見出し画像

海に眠るダイヤモンド

一番会いたい人に会えなくても、人は生きていける。
ちゃんと幸せを探していける。
そこにあるものがだんだん、かけがえのないものになり、そしてそれが、やがて自分の全てとなる。

何ものにも代え難い存在を産み、
愛の対象は増えることを知る。

生きていく。
そうするしかなかったから。
そうすることしか、できなかったから。

それが全てだった。
ひたすら生きてきた。

あの時は、
会いたくて。
会いたくて。
どうしようもなくて。

でも、
会えなくて。
会えなくて。
どれだけ待っていても。

会えなかったから。

だから、
懸命に新しい幸せを築きながら生きてきた。
時が経ち、すっかりそのことを忘れていることさえあった。


でも唐突に、その時はやってくる。
何かがキッカケとなり、ふたたび感情は湧き上がる。
押さえ込んでいた感情を。
考えないように避けていた感情を。

何十年もかけて築いてきた幸せも、培ってきたものも完全に飛び越えて。
今、していたことさえ、儚く散るほどに。
どちらが夢なのか。
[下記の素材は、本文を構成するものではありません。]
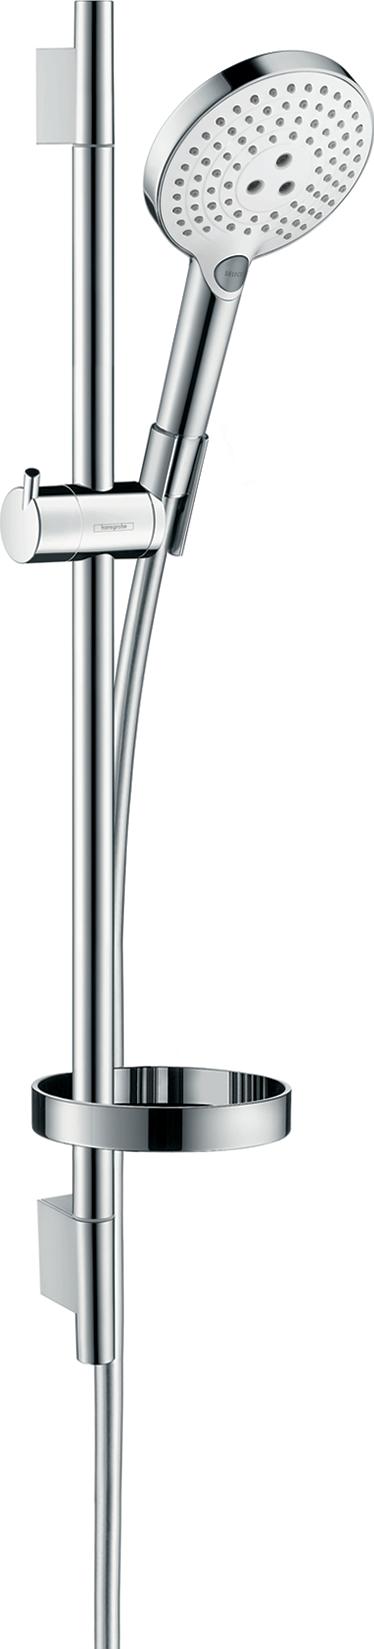 hansgrohe brausesets raindance select s brauseset 120 3jet mit brausestange 65 cm und. Black Bedroom Furniture Sets. Home Design Ideas

どちらが現実なのか。
自分が、ここに立っていることさえ忘れてしまうほどに。
足元が崩れ、夢の中で佇む自分と重なる。
記憶の中で、待っていたあの人の笑顔に会う。

シャボン玉が弾けるように夢は覚め、そして残る期待。
過去の想いは枯れることはなかったのだと気付き、
何十年もかけて違う幸せを築いて来たのに、まだ求めてしまうのか、と自分に問う。

今までの苦労は?
こうすることしかできなかった自分は?
必死にやってきたことは、間違っていたのか。
どうすれば良かったのか。

してもしようがない自問をし、
悪くもないのに、我が身に罪を着せる。

いや、全て間違っていない。
ちゃんと生きてきた。
目の前のことから逃げなかった。
ちゃんとやり遂げて来た。

答えは分かっている。
何度考えても、全てが正しい。
お願い、否定しないで。
そう自分を責めながら、
ただ、それが悲しいのだと涙する。
ただ、恋しいのだと、超えてきた時間が胸を抉る。

会いたくて。
会いたくて。
お互いに求め合っていたとしても。

会えなくて。
会えなくて。
どんなに求めていても。

それでも全てが正しい。

いま、過去に思いを馳せ、そして願う。
過去の自分が、幸せでありますように、と。
そしてあの人が、幸せでありますように、と。


知れば知るほど、過去が露になり、
知れば知るほど、心がざわつく。

あの時の約束は。
あの時の希望は。
置いてきぼりになった過去の私は。

全てを胸に留めて、ただ、会いたい。
でも、怖い。
でも、会いたい。
でも、、、


恐怖が消え去った後にやっと出会えた、あの人の眠っていた記憶。
そして一面のコスモスの先に見える、故郷。

ずっと覚えていてくれた。
叶えてくれていた、私の希望。
ただ、一緒にいることだけができなかった。

誰もいなくなってしまったけど、
私が覚えているから。全部覚えているから。
あなたは、私の胸の中にいる。
みんな、私の中にある。


お待たせ、とあの人が言う。
待ちくたびれた、と私が言う。

何十年も待って、心の中でやっと受け止めたプロボーズの言葉。

一輪の花を差し出し、
迎えに来たよと、あの人が言う。
もう、佇む私はいない。

現実に戻り、
より一層自分らしく生きることを誓う。

私が全てを背負って、
全てを抱きしめて生きていく。


□⋆。:゚・*◇:゚・⋆。⬛︎□⋆。:゚・*◇:゚・⋆。⬛︎

年始の休みでドラマ「海に眠るダイヤモンド」を観ていました。
最終回を2回続けて視聴し、2回とも号泣して、さらに3回目を見て、別日にTVerで観ることの出来る、第1話から3話までと、第9話を観て、また最終回を4回目で観て。やはり変わらず号泣しました。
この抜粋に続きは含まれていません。